(WHAT NEEDS TO BE DONE)
Pictures stay out; print the rest of the listing below exactly as it stands.

(PROVIDED MATERIAL)
<<<<

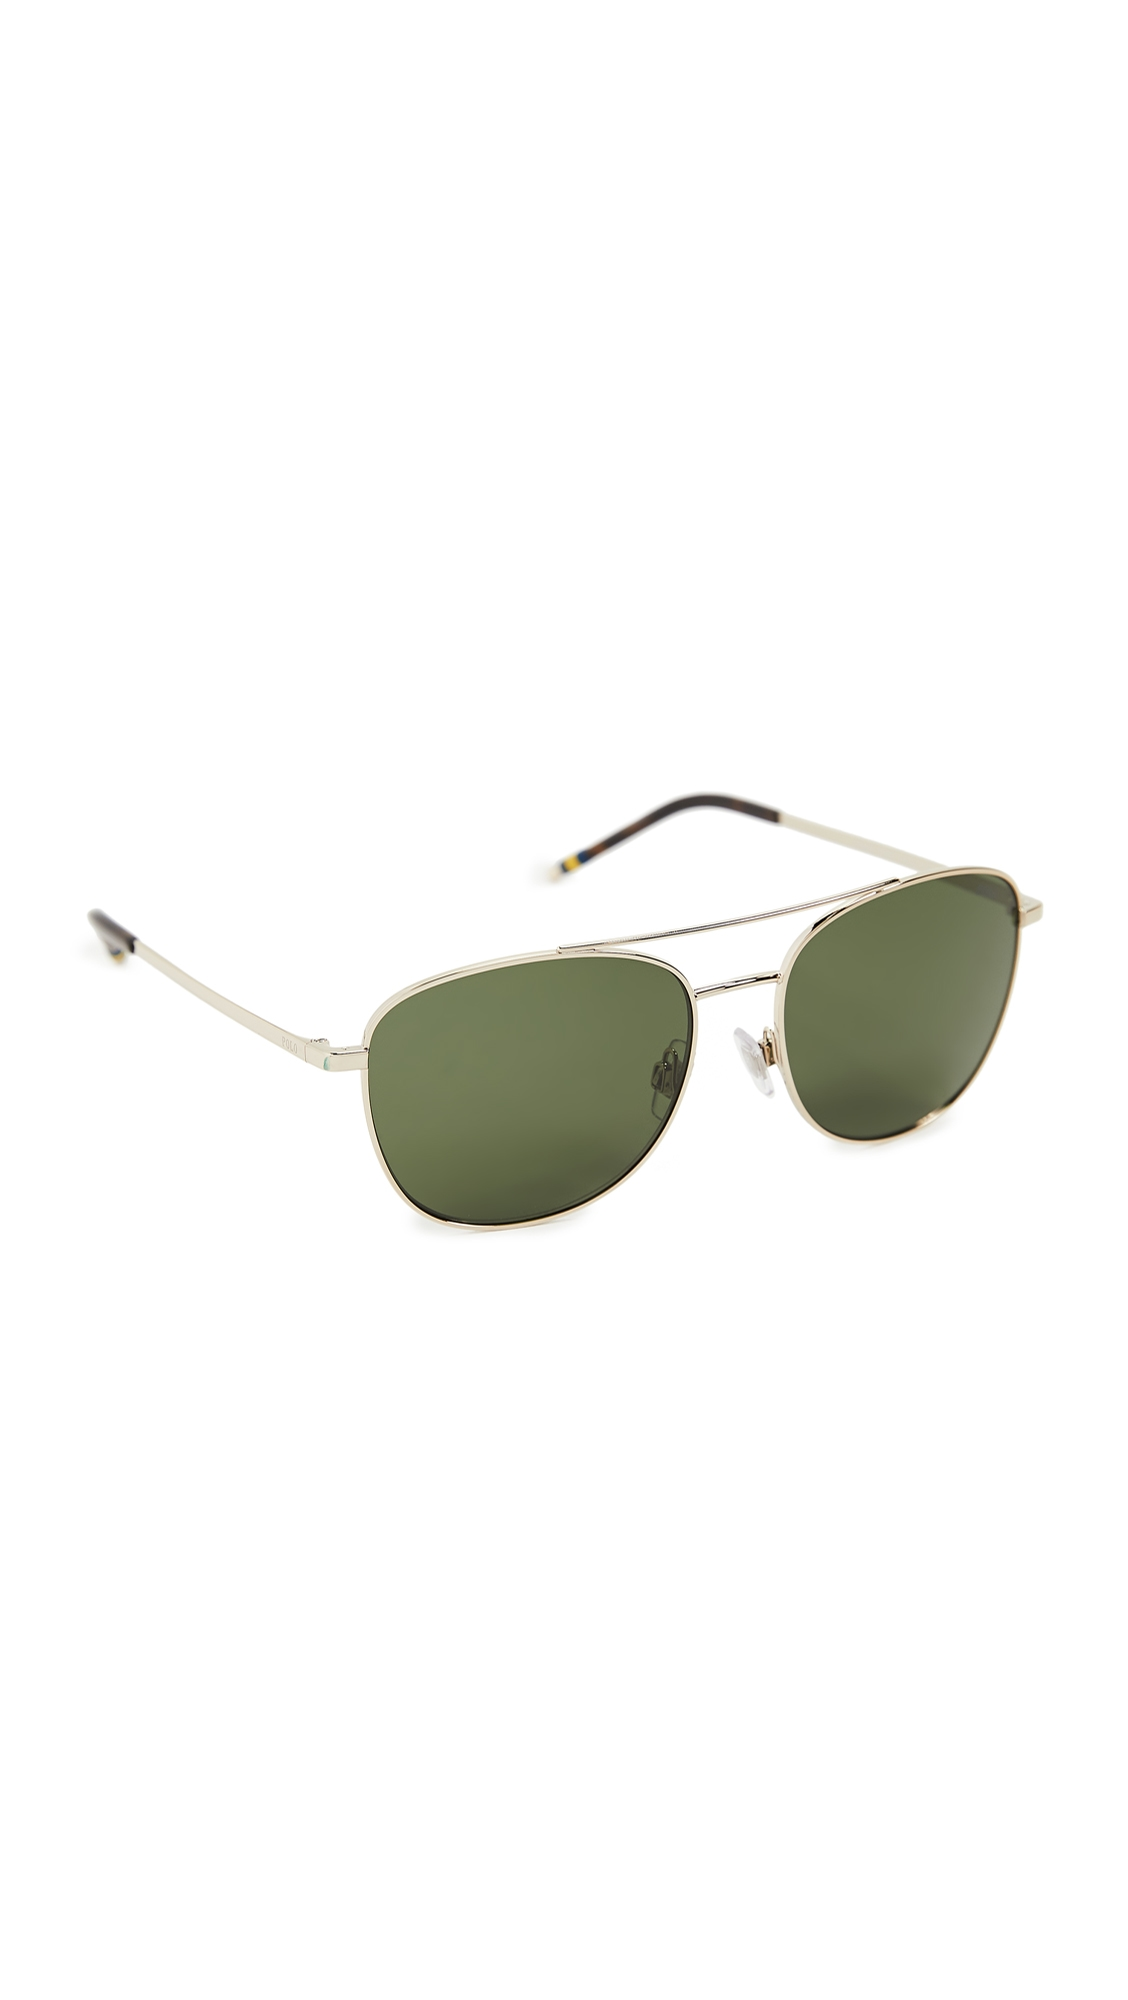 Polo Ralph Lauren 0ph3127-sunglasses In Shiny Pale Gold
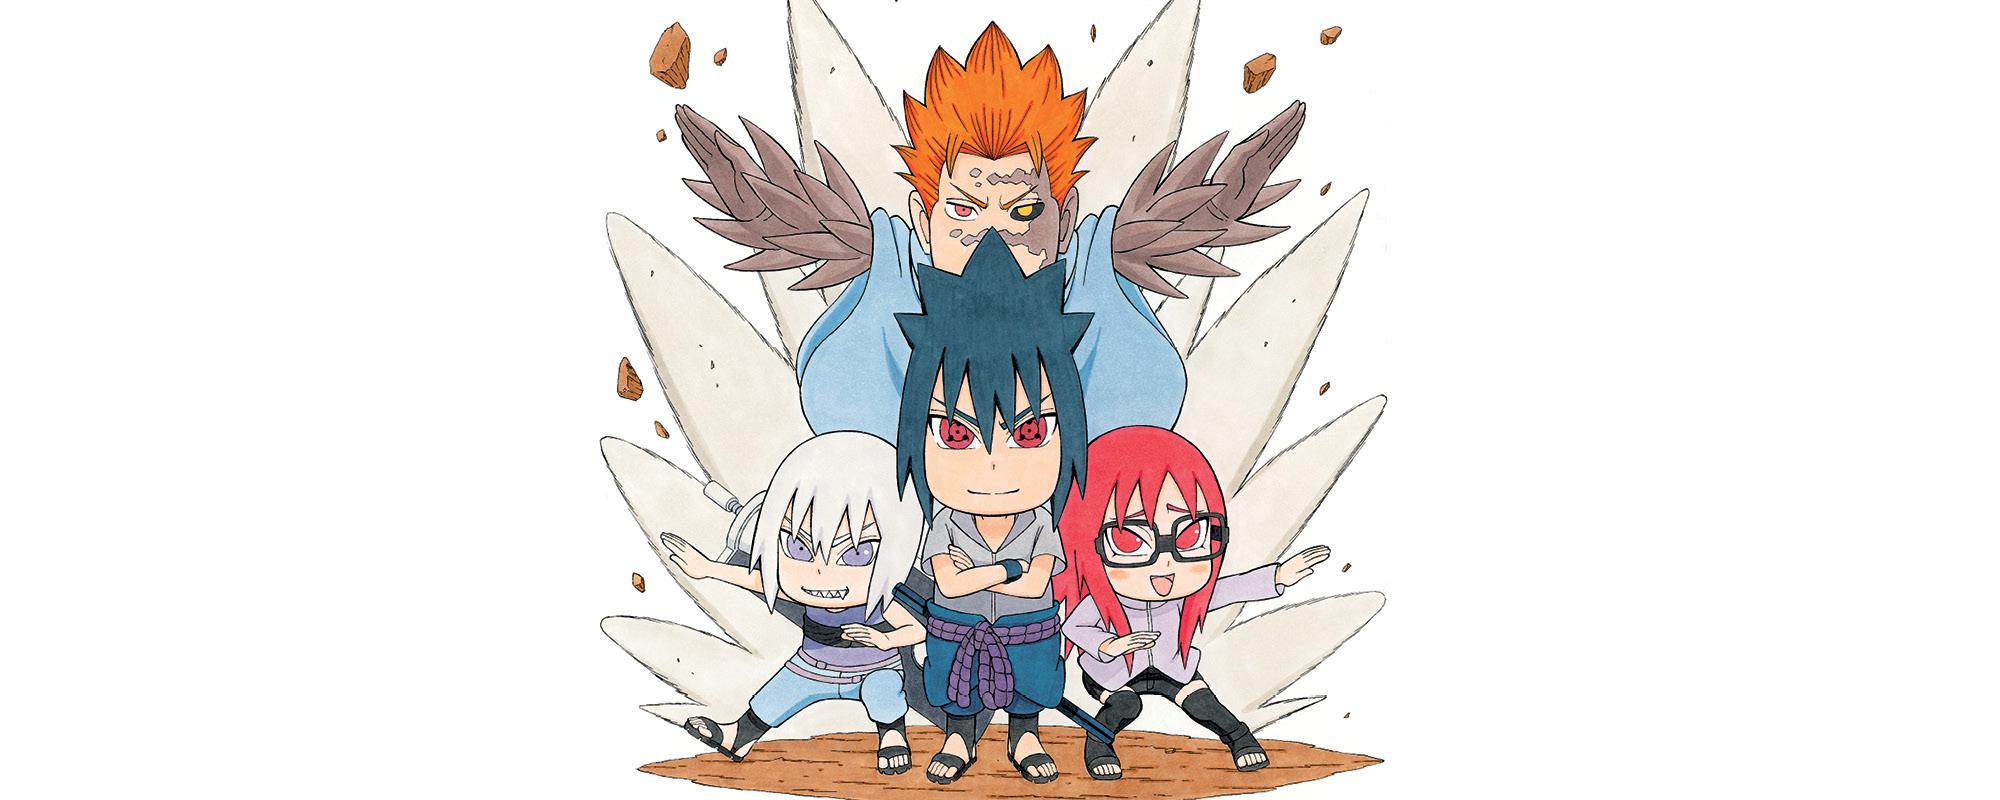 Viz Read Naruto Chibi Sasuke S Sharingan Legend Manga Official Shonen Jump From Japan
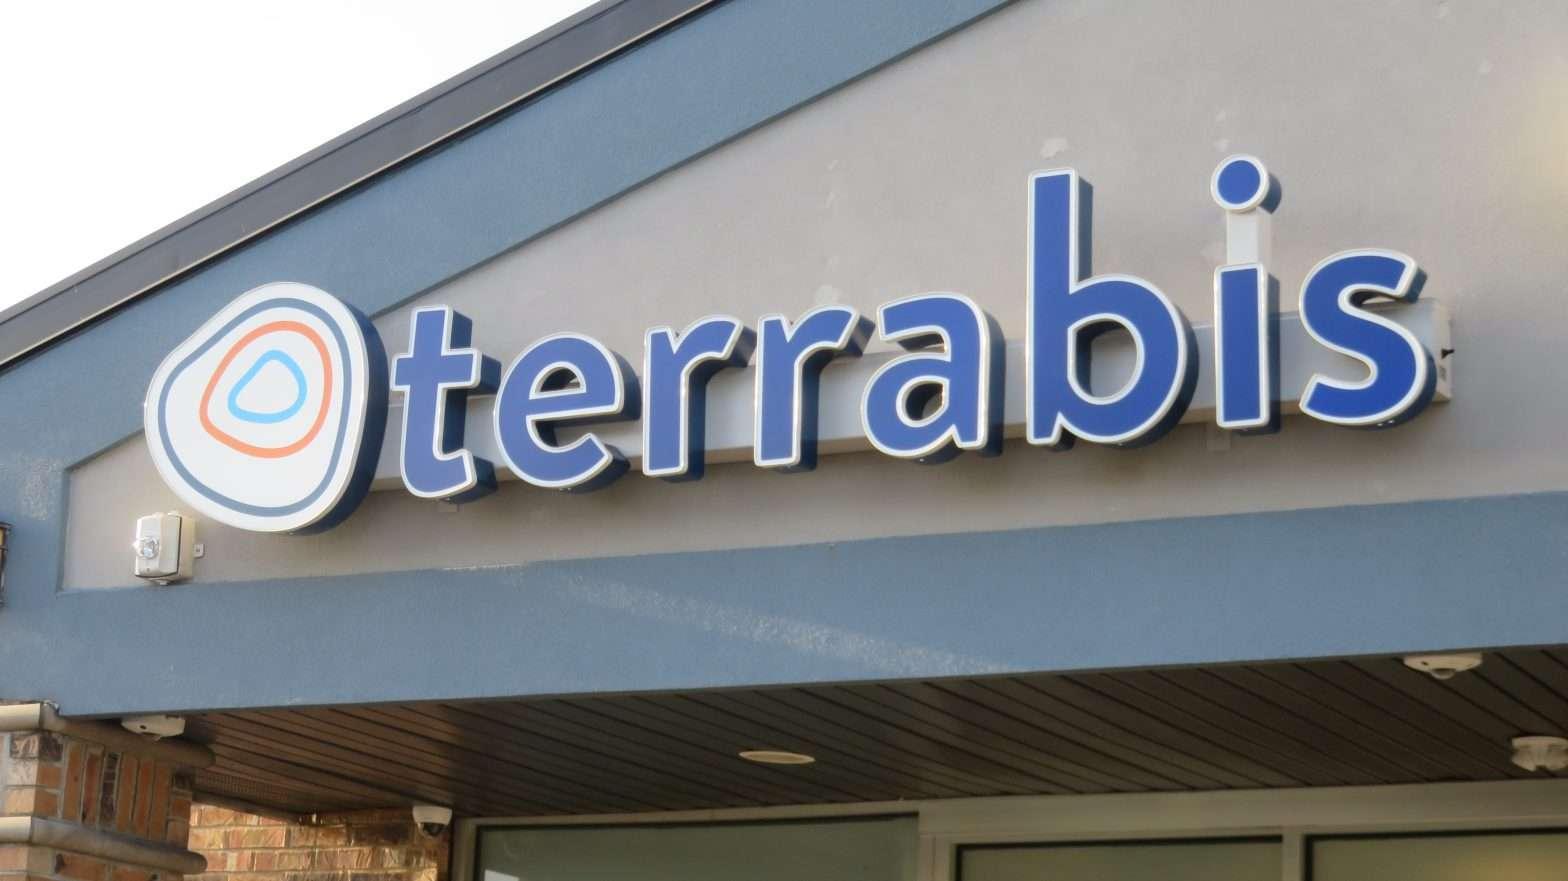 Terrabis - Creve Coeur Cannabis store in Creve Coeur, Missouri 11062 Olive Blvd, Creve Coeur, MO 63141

>>>>

(RESULT OF THIS TASK)
 Polo Ralph Lauren 0ph3127-sunglasses In Shiny Pale Gold
 Viz Read Naruto Chibi Sasuke S Sharingan Legend Manga Official Shonen Jump From Japan
 Terrabis - Creve Coeur Cannabis store in Creve Coeur, Missouri 11062 Olive Blvd, Creve Coeur, MO 63141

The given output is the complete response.